A total of 10,000 troops will leave the war zone by the end of this year — fulfilling Obama's promise — and more than 20,000 additional forces will leave by the summer of 2012, shortly before the president will go before voters in search of a second term.
Still, almost 70,000 U.S. troops will remain in an unstable country, fighting in a war bound to see more Americans killed. Obama said they will leave at a steady pace, but the U.S. combat mission is not expected to end until December 2014 — and even then, a sizable and enduring contingent may remain in a different role.
Obama's announcement from the White House came in a perilous political environment, with Americans soured on the war and the economy, many members of Congress pushing him to get troops home even faster, and his Republican presidential rivals taking shots at his leadership at every chance. Conceding the economic strain of waging war at a time of rising debt and fiscal constraint, Obama said it was time for America "to focus on nation building here at home."
The withdrawal is supported by the bold bottom-line claims of his security team: Afghanistan, training ground for the Sept. 11, 2001, attacks on America, is no longer a launching pad for exporting terrorism and hasn't been for years. Yet the White House insists the U.S. must maintain a strong fighting force in Afghanistan for now to keep the country from slipping back into a haven for al-Qaida terrorists.
Obama said the materials recovered during the raid to get Osama bin Laden in Pakistan showed that the al-Qaida terror network was under deep strain.
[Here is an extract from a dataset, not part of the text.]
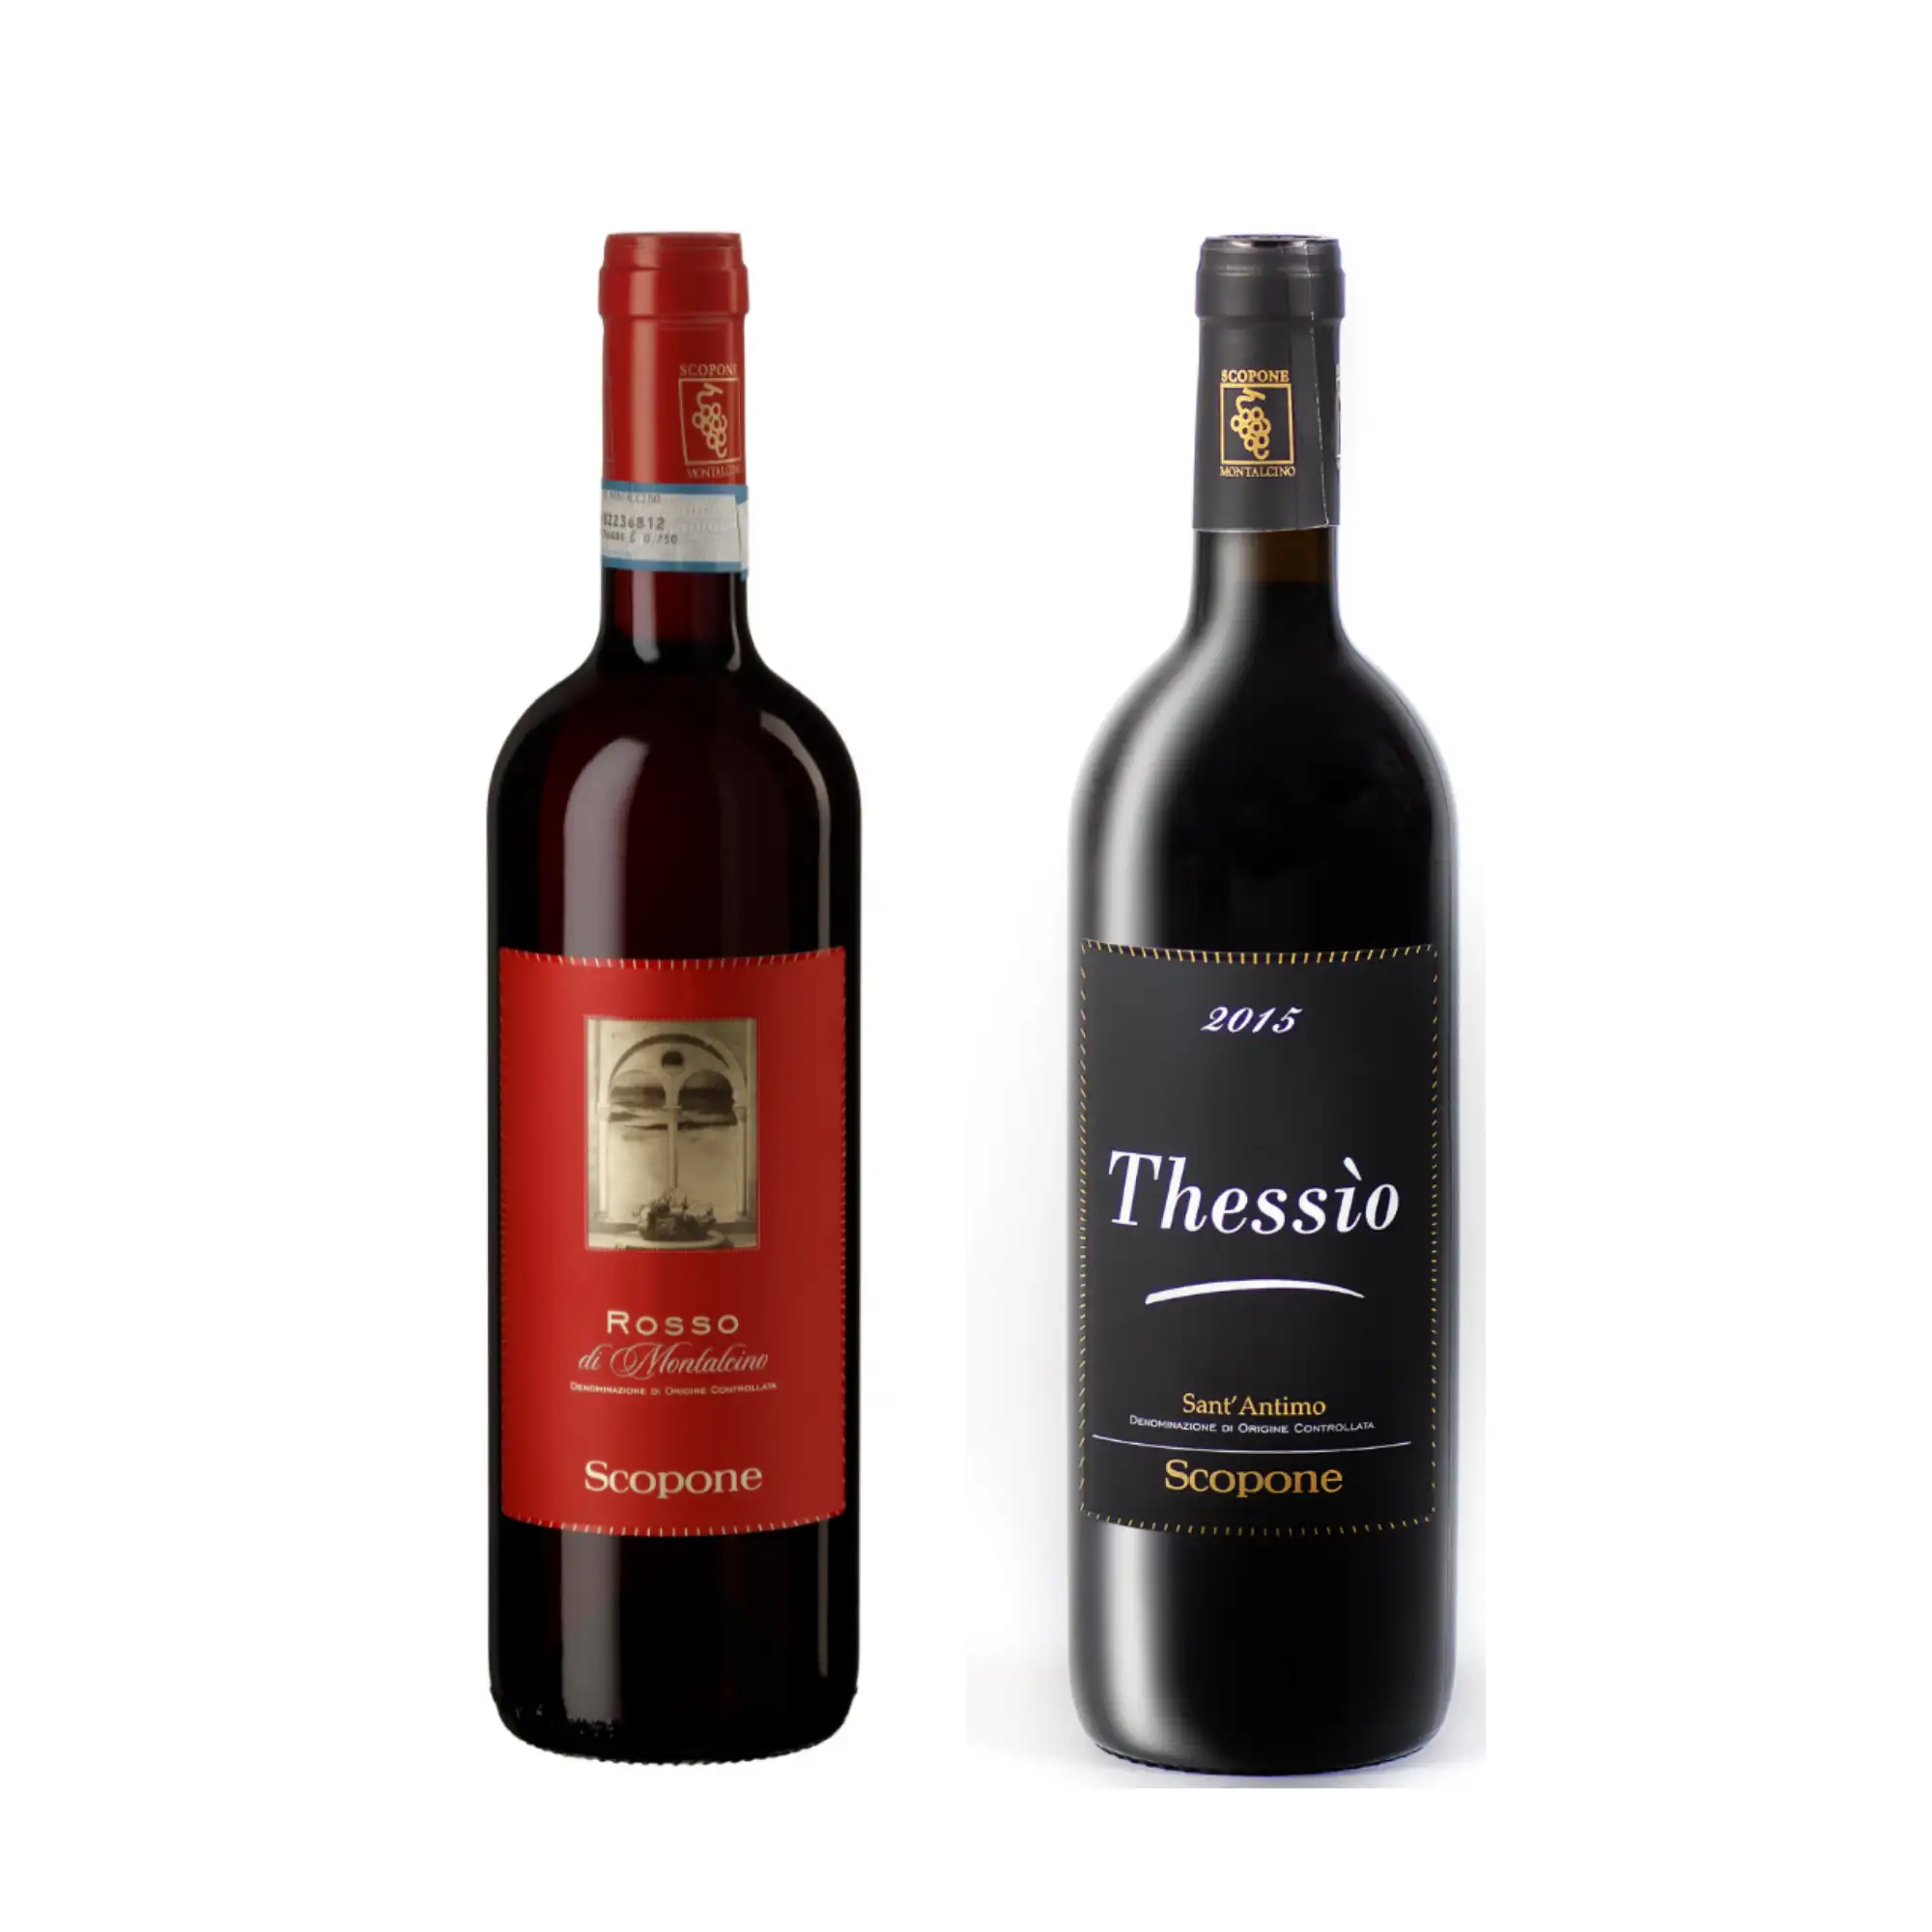 उच्च गुणवत्ता दो शराब की बोतलें सेट इतालवी लाल शराब thessio 2015 और रोसो 2019 मादक पेय

He said bin Laden himself expressed concern that his network would be unable to effectively replace senior leaders that had been killed.
The president declared, "We have put al-Qaida on a path to defeat, and we will not relent until the job is done."
Some fellow Democrats suggested Obama wasn't going fast enough. "We will continue to press for a better outcome," said House Democratic Leader Nancy Pelosi of California.
The president spoke for about 13 minutes from a silent East Room. It was a strategic moment for him to try to explain a turning point in the war effort without elevating it to a major Oval Office address — more of a stay-the-course case of progress and resilience.
"Of course, huge challenges remain," the president said. "This is the beginning — but not the end — of our effort to wind down this war. We will have to do the hard work of keeping the gains that we have made while we draw down our forces and transition responsibility for security to the Afghan government."
Significant questions still loom, including whether Afghanistan's government and security forces will be up to enormous job within a few years.
Yet Obama made clear the United States was ready to move on from a decade defined by wars in Afghanistan and Iraq, at a cost at of thousands of lives lost and more than $1 trillion spent.